当前位置:
X-MOL 学术
›
arXiv.cs.SI
›
论文详情
Our official English website, www.x-mol.net, welcomes your
feedback! (Note: you will need to create a separate account there.)
M-Evolve: Structural-Mapping-Based Data Augmentation for Graph Classification
arXiv - CS - Social and Information Networks Pub Date : 2020-07-11 , DOI: arxiv-2007.05700 Jiajun Zhou, Jie Shen, Shanqing Yu, Guanrong Chen, Qi Xuan
arXiv - CS - Social and Information Networks Pub Date : 2020-07-11 , DOI: arxiv-2007.05700 Jiajun Zhou, Jie Shen, Shanqing Yu, Guanrong Chen, Qi Xuan
Graph classification, which aims to identify the category labels of graphs,
plays a significant role in drug classification, toxicity detection, protein
analysis etc. However, the limitation of scale in the benchmark datasets makes
it easy for graph classification models to fall into over-fitting and
undergeneralization. To improve this, we introduce data augmentation on graphs
(i.e. graph augmentation) and present four methods:random mapping,
vertex-similarity mapping, motif-random mapping and motif-similarity mapping,
to generate more weakly labeled data for small-scale benchmark datasets via
heuristic transformation of graph structures. Furthermore, we propose a generic
model evolution framework, named M-Evolve, which combines graph augmentation,
data filtration and model retraining to optimize pre-trained graph classifiers.
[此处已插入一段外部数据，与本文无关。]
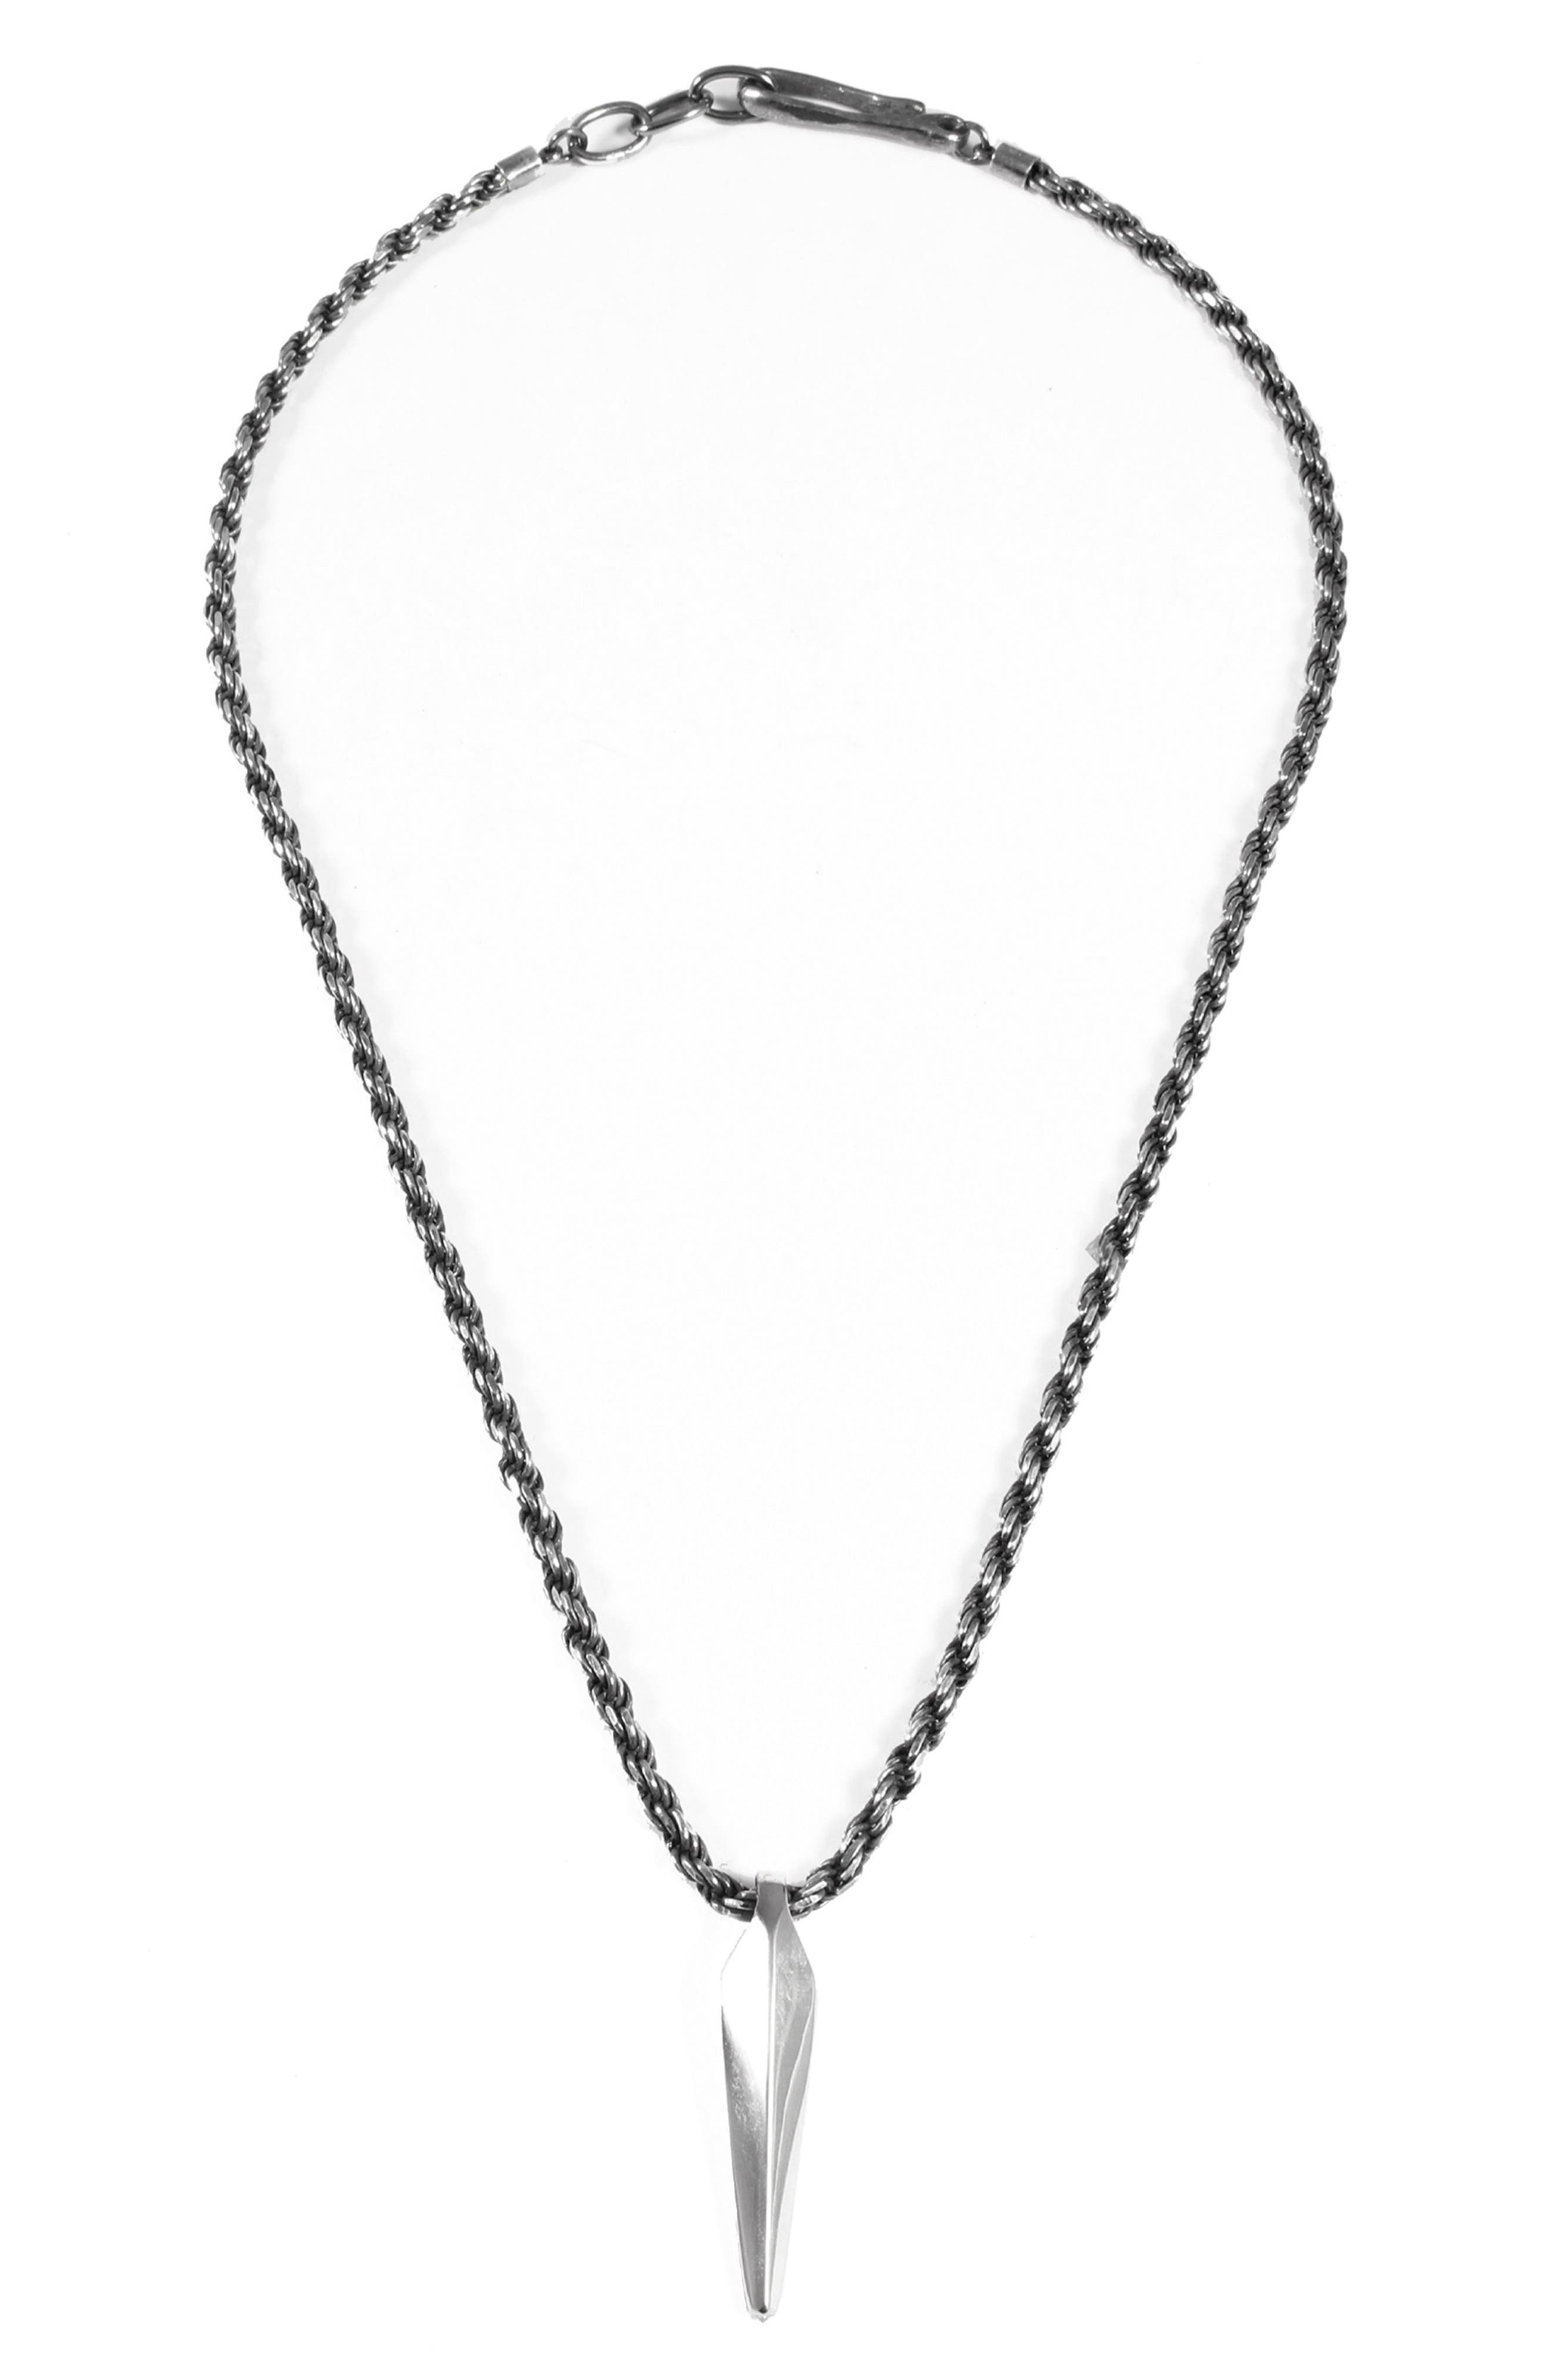 Fortitude Pendant Necklace,                             Main thumbnail 1, color,                             040

Experiments on six benchmark datasets demonstrate that the proposed framework
helps existing graph classification models alleviate over-fitting and
undergeneralization in the training on small-scale benchmark datasets, which
successfully yields an average improvement of 3-13% accuracy on graph
classification tasks.
中文翻译:
M-Evolve:用于图分类的基于结构映射的数据增强
图分类旨在识别图的类别标签,在药物分类、毒性检测、蛋白质分析等方面发挥着重要作用。 然而,基准数据集的规模限制使得图分类模型容易陷入过度拟合和欠概括。为了改善这一点,我们在图上引入了数据增强(即图增强)并提出了四种方法:随机映射、顶点相似性映射、基序随机映射和基序相似性映射,为小规模基准数据集生成更多弱标记数据通过图结构的启发式转换。此外,我们提出了一个通用的模型进化框架,名为 M-Evolve,它结合了图增强、数据过滤和模型再训练来优化预训练的图分类器。
更新日期:2020-08-26
中文翻译:
M-Evolve:用于图分类的基于结构映射的数据增强
图分类旨在识别图的类别标签,在药物分类、毒性检测、蛋白质分析等方面发挥着重要作用。 然而,基准数据集的规模限制使得图分类模型容易陷入过度拟合和欠概括。为了改善这一点,我们在图上引入了数据增强(即图增强)并提出了四种方法:随机映射、顶点相似性映射、基序随机映射和基序相似性映射,为小规模基准数据集生成更多弱标记数据通过图结构的启发式转换。此外,我们提出了一个通用的模型进化框架,名为 M-Evolve,它结合了图增强、数据过滤和模型再训练来优化预训练的图分类器。